**WORK ITEM**
Each line of the data below goes into the copy exactly; pictures do not.

**INFORMATION PROVIDED**
******
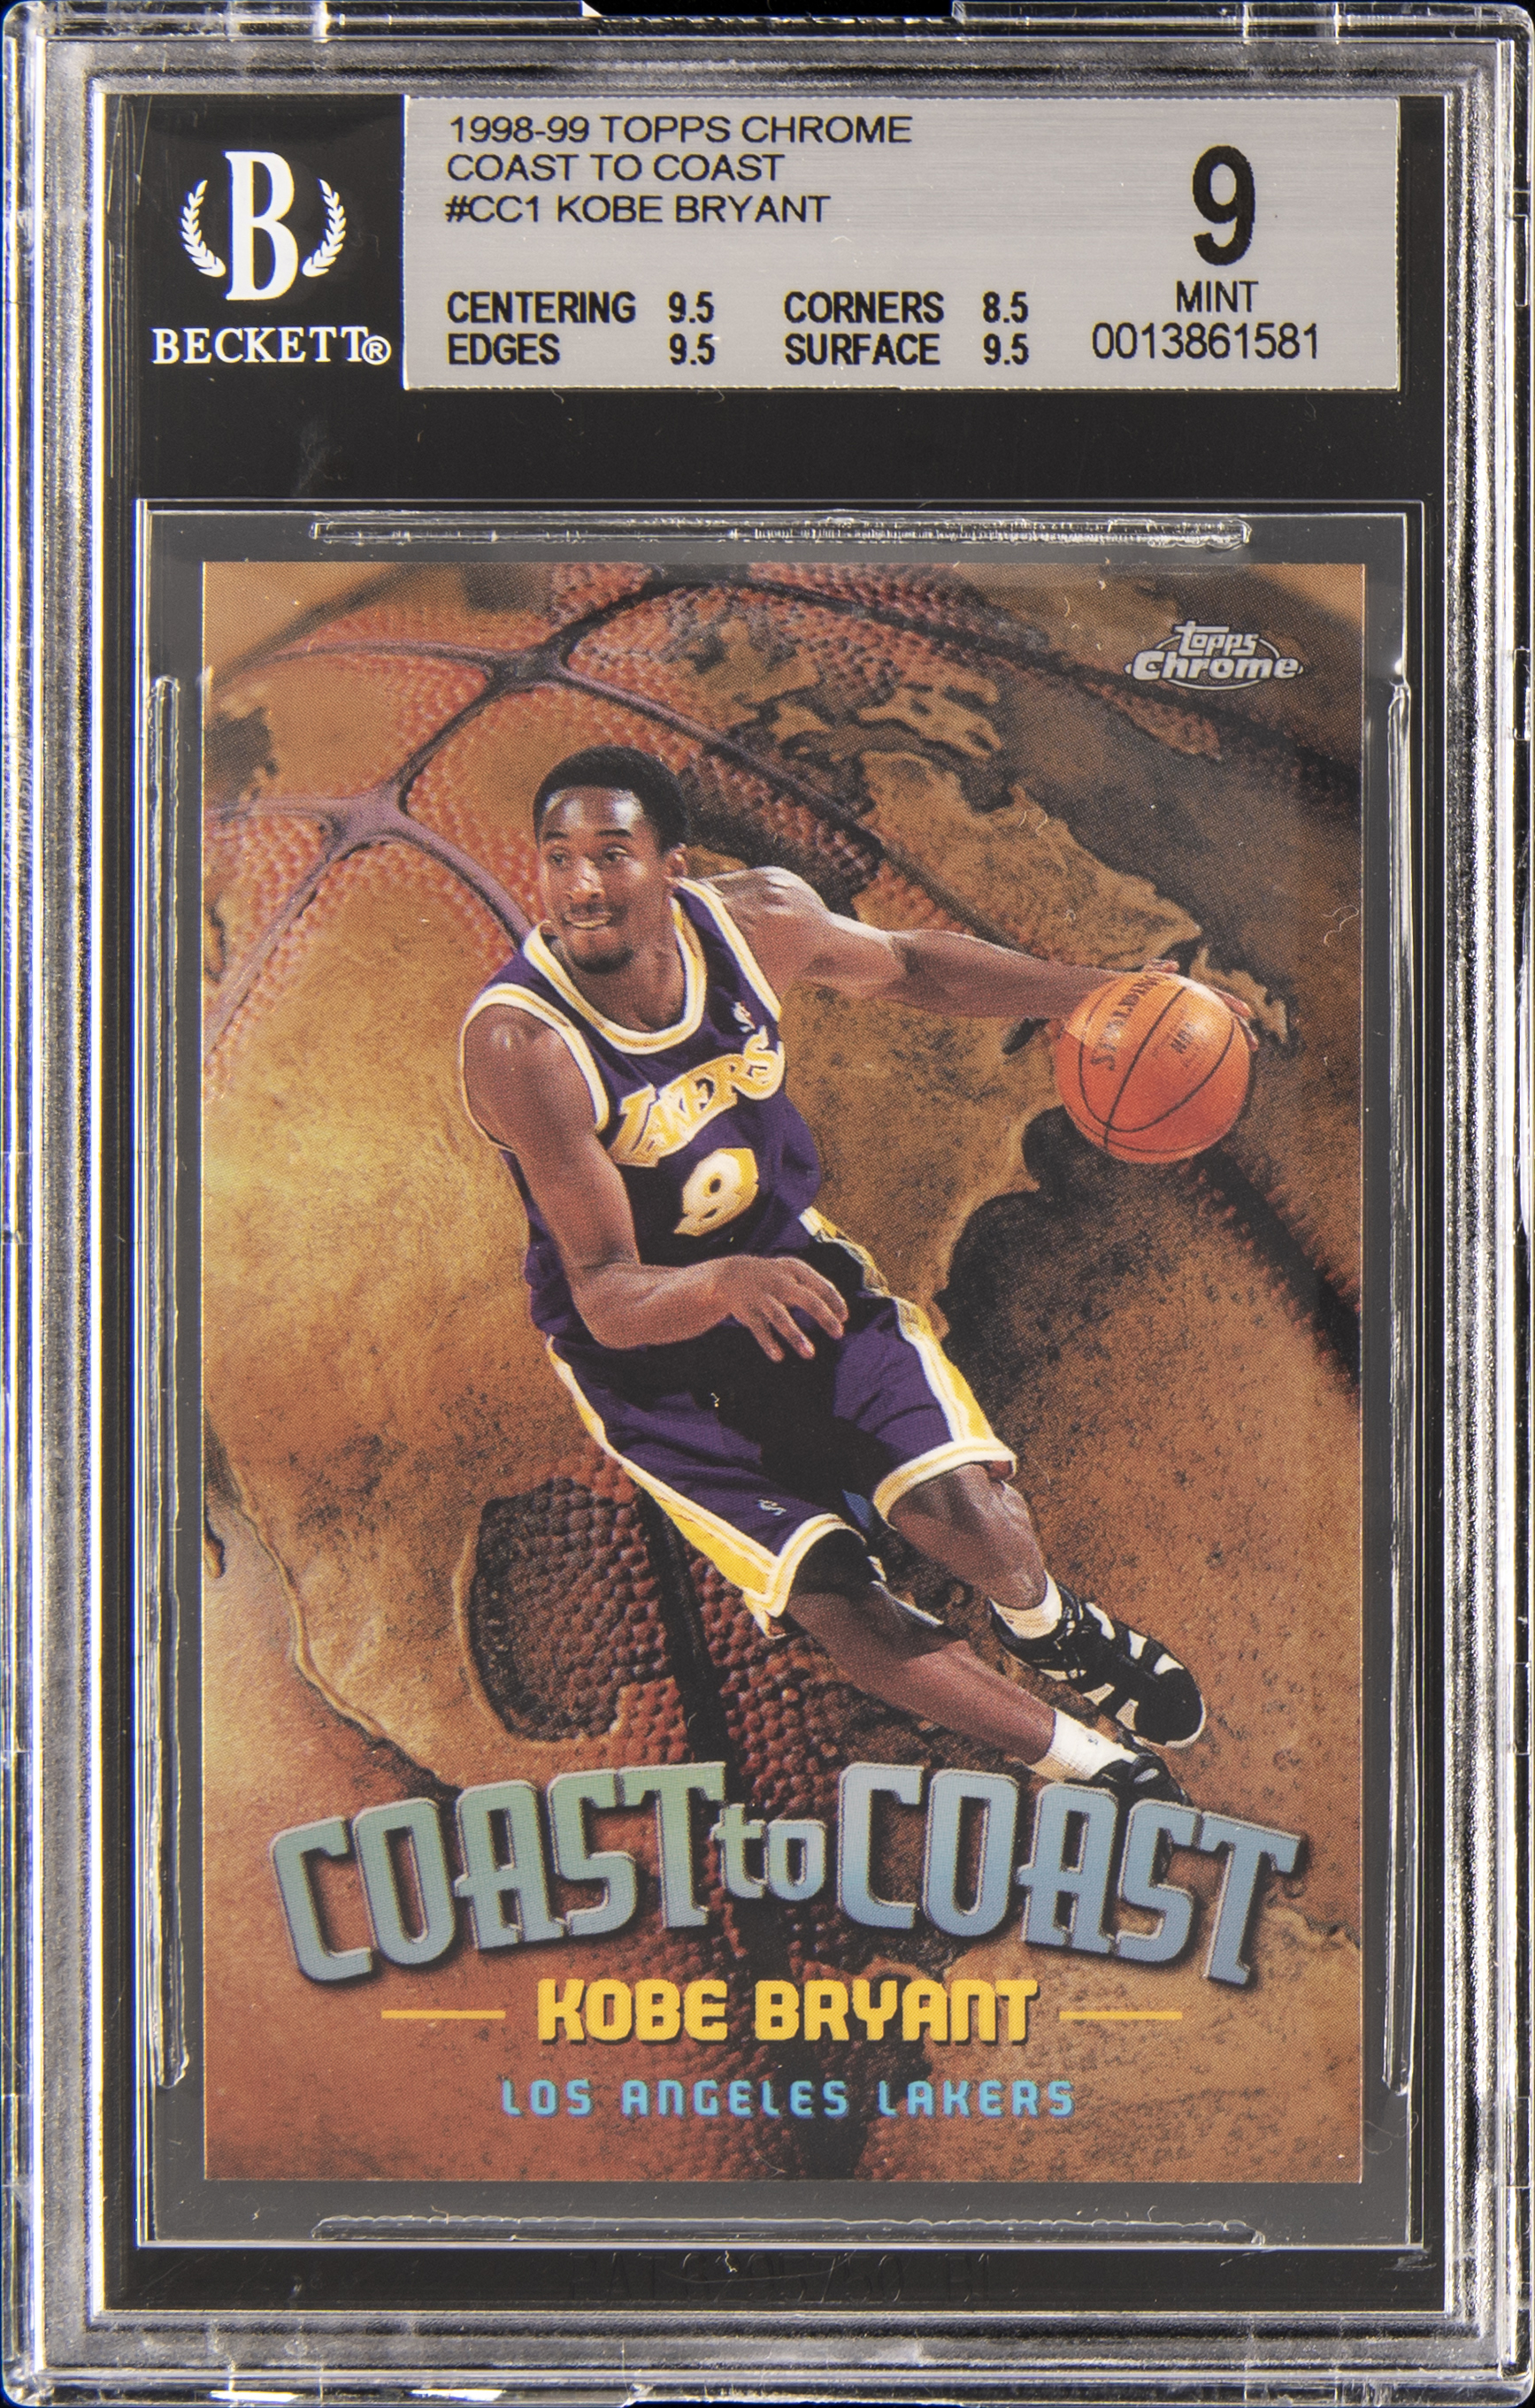 1998-99 Topps Chrome Coast To Coast #CC1 Kobe Bryant – BGS MINT 9
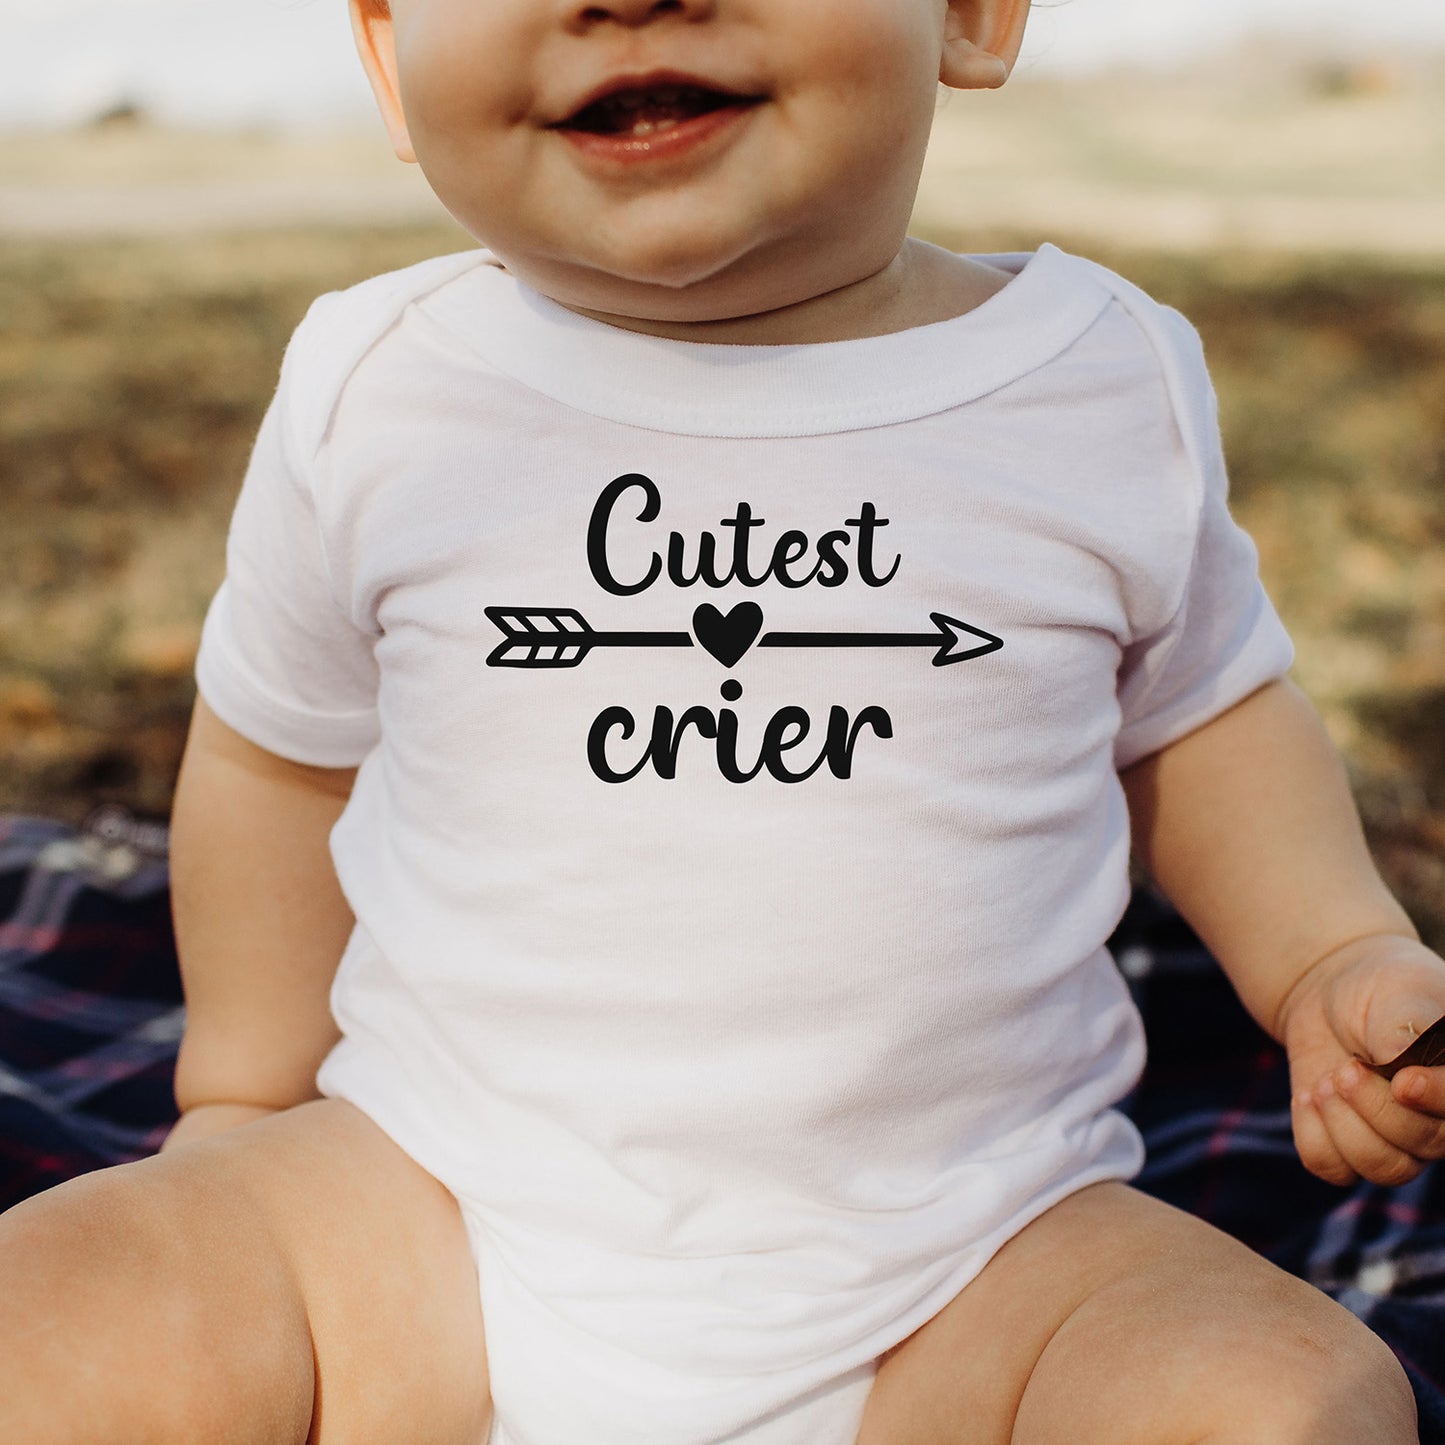 "Cutest Crier" Graphic
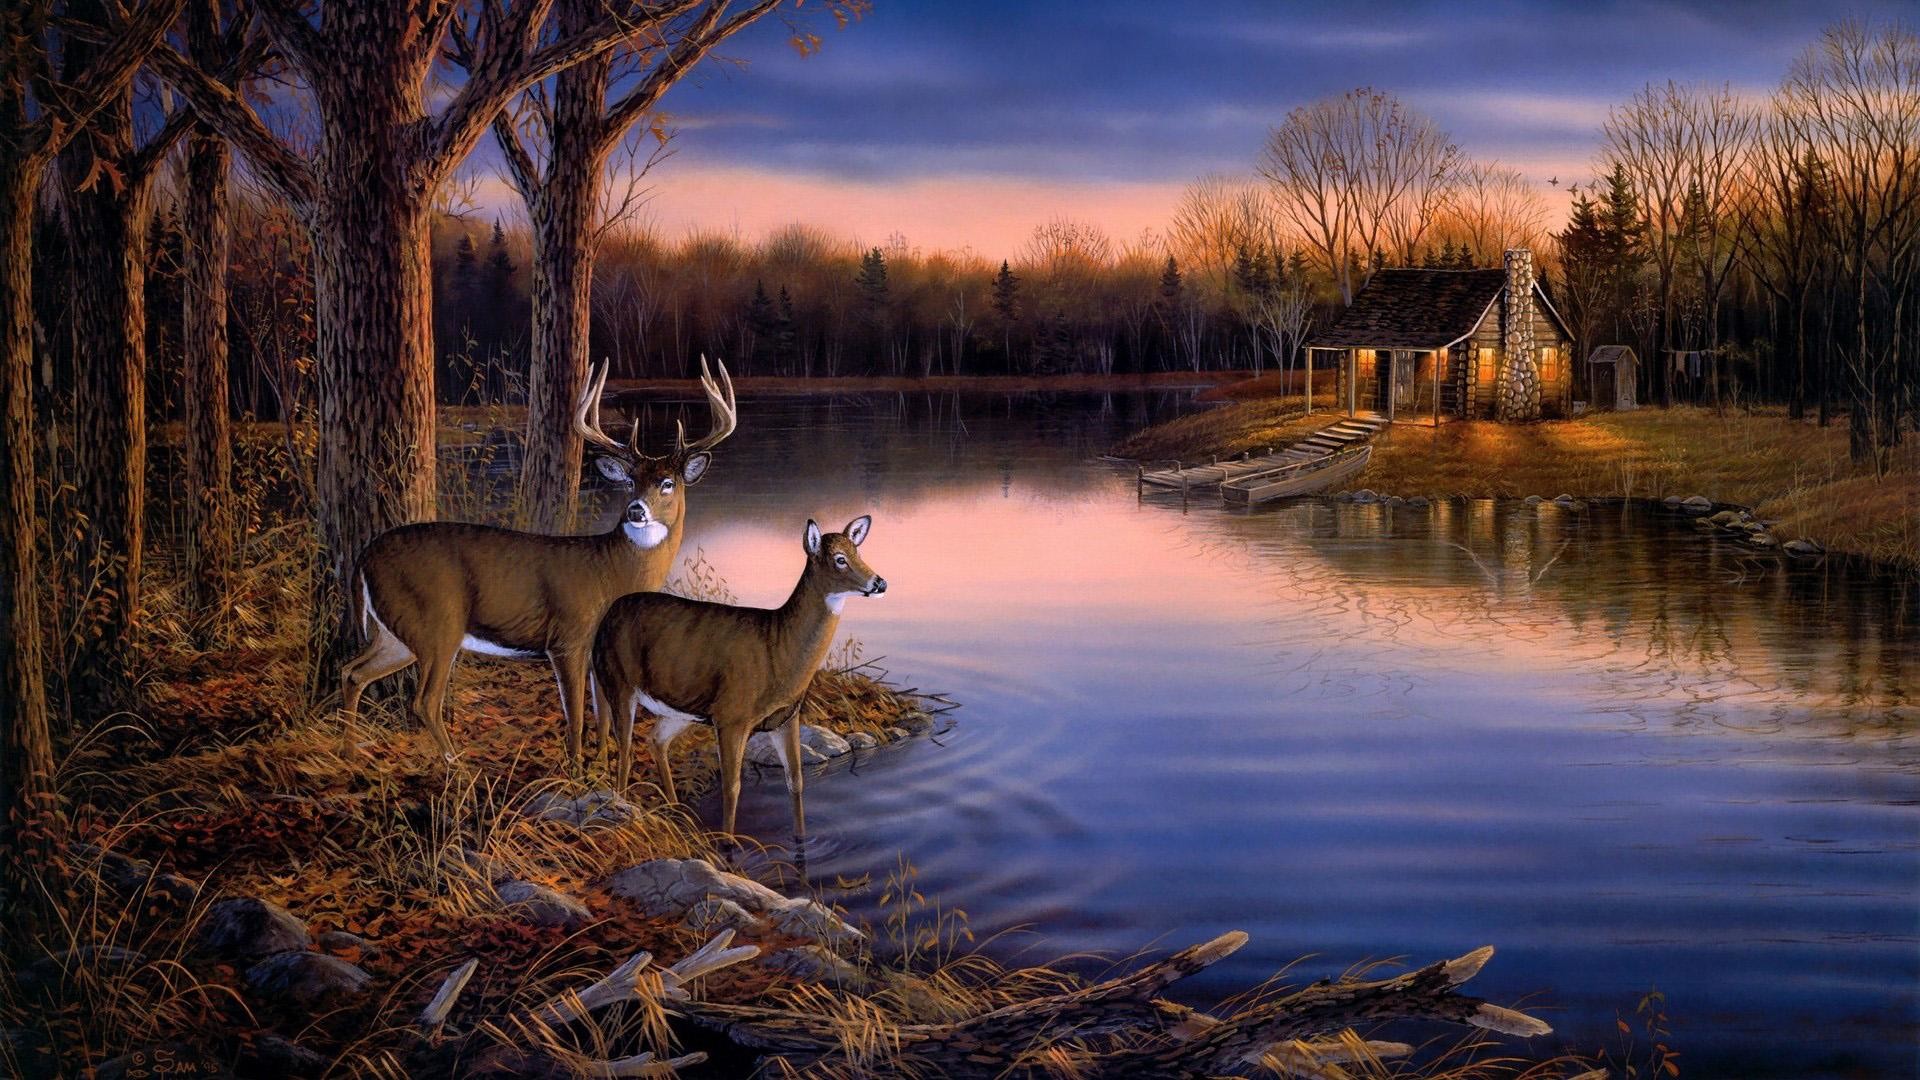 Deer Hunting Wallpaper Border ,landscape wallpaper Picture 1080p hd wallpaper
******
**OUTPUT**
 1998-99 Topps Chrome Coast To Coast #CC1 Kobe Bryant – BGS MINT 9
 "Cutest Crier" Graphic
 Deer Hunting Wallpaper Border ,landscape wallpaper Picture 1080p hd wallpaper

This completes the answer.